* **TASK DETAILS**: Repeat the listing below verbatim, without its images.

* **EXERCISE DATA**:
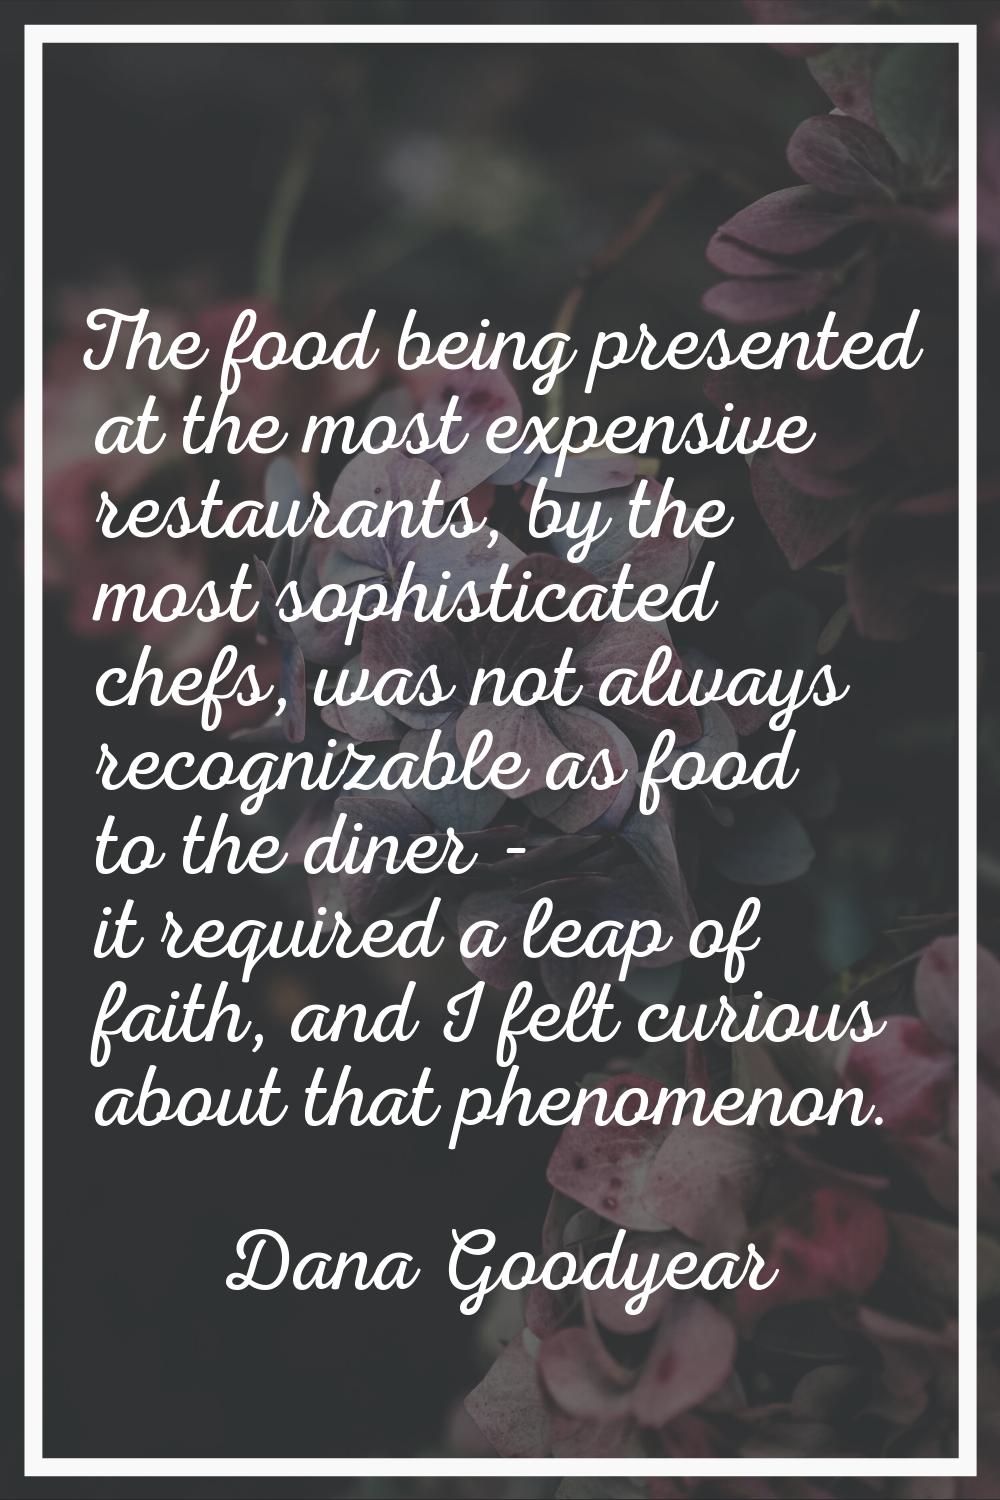 The food being presented at the most expensive restaurants, by the most sophisticated chefs, was no
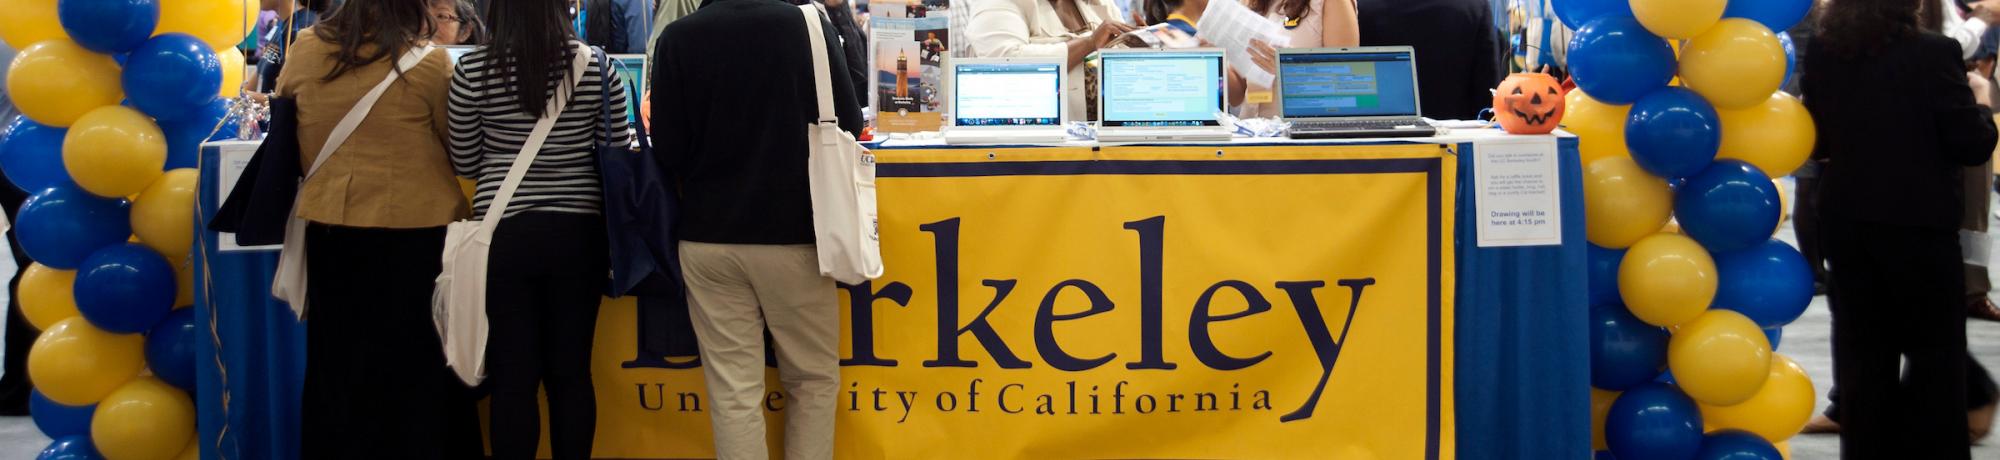 UC Berkeley booth at event
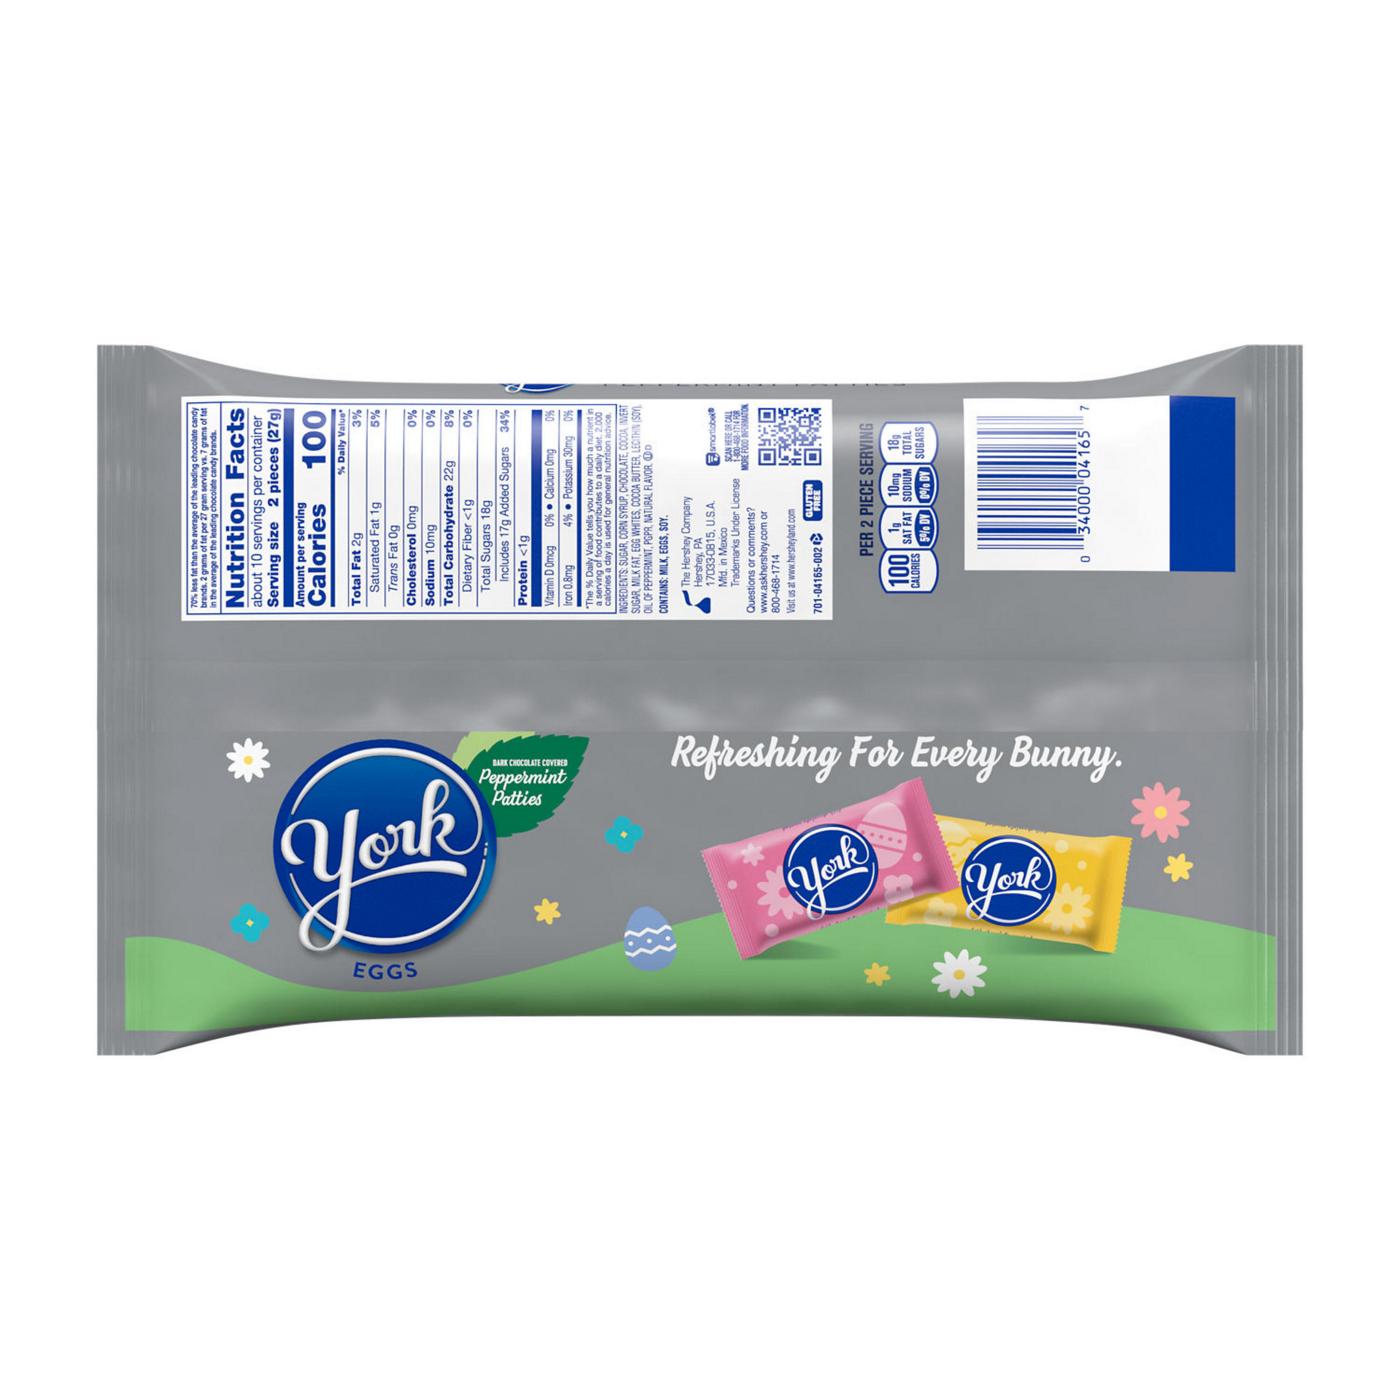 York Peppermint Patties Eggs Easter Candy - Shop Candy at H-E-B
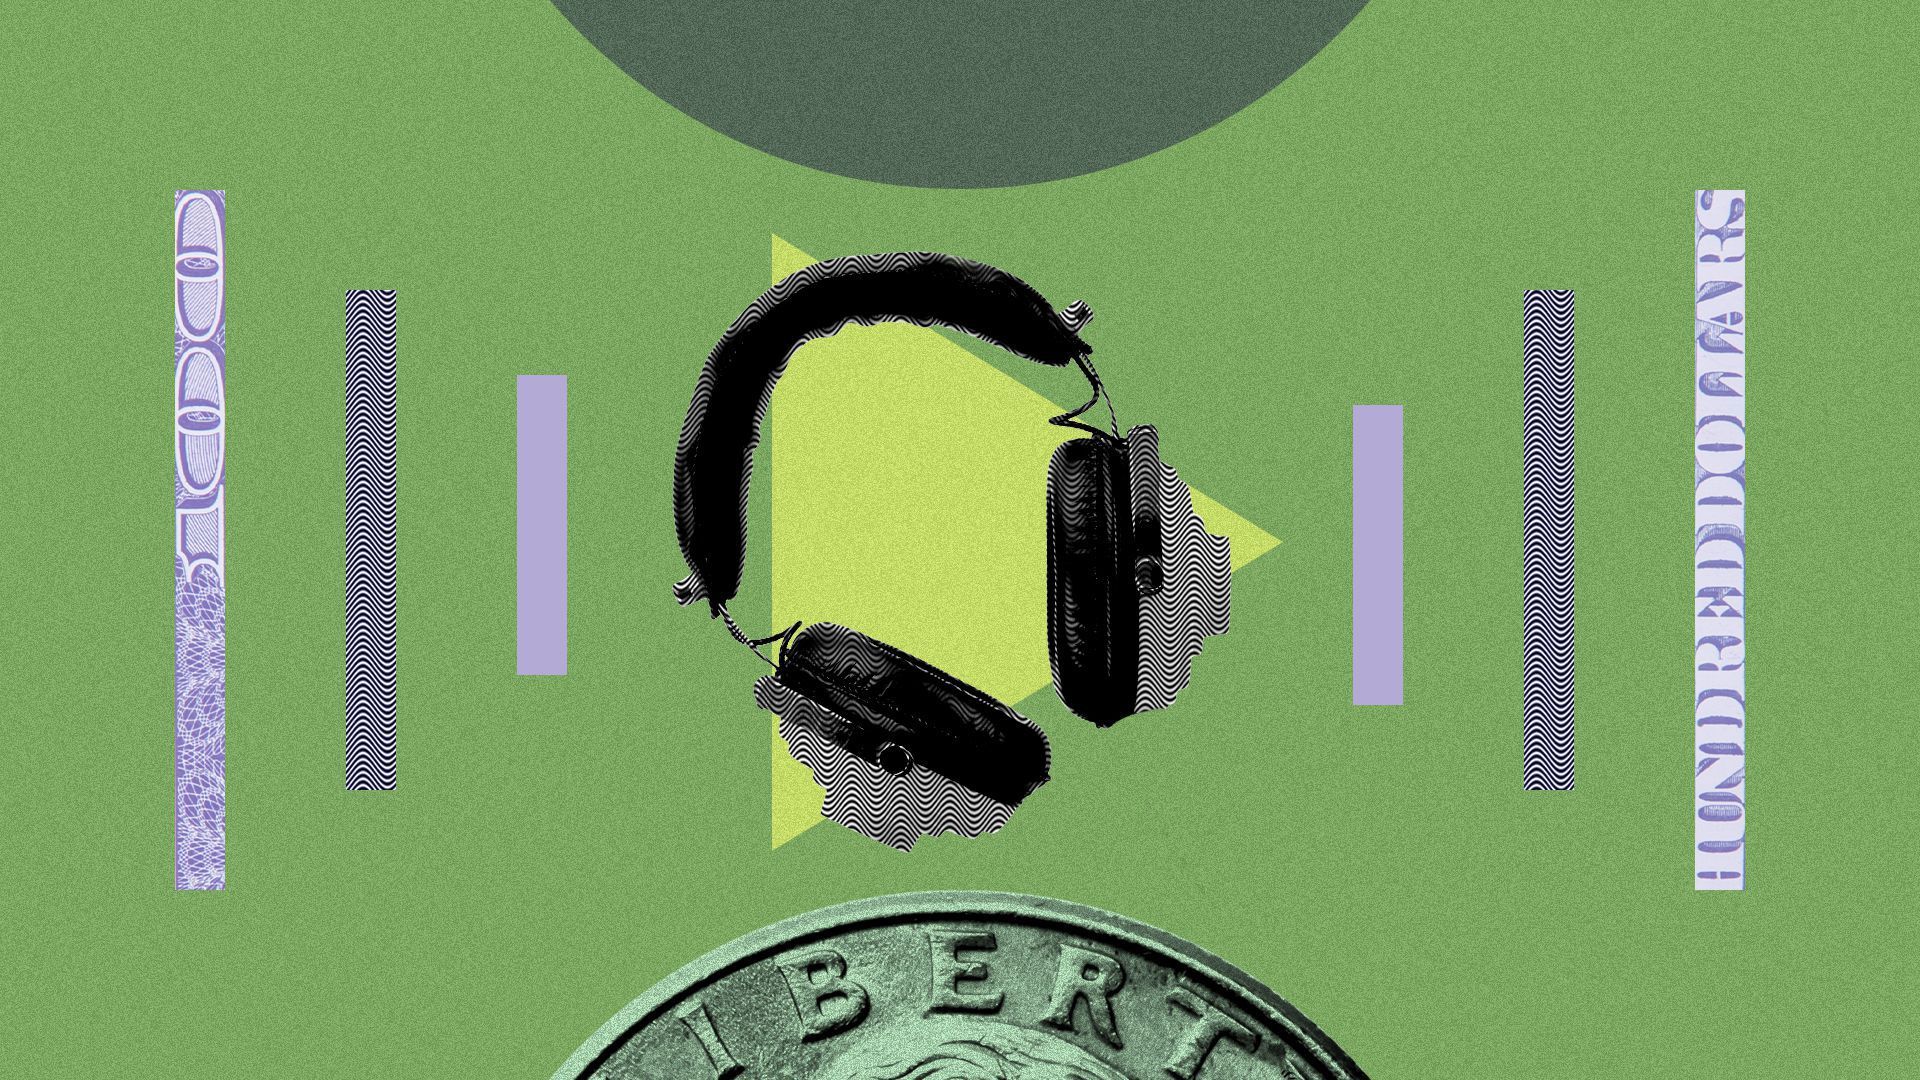 Illustration of headphones against a dollar and coins

* **SOLUTION BELOW**:
 The food being presented at the most expensive restaurants, by the most sophisticated chefs, was no
 UC Berkeley booth at event
 York Peppermint Patties Eggs Easter Candy - Shop Candy at H-E-B
 Illustration of headphones against a dollar and coins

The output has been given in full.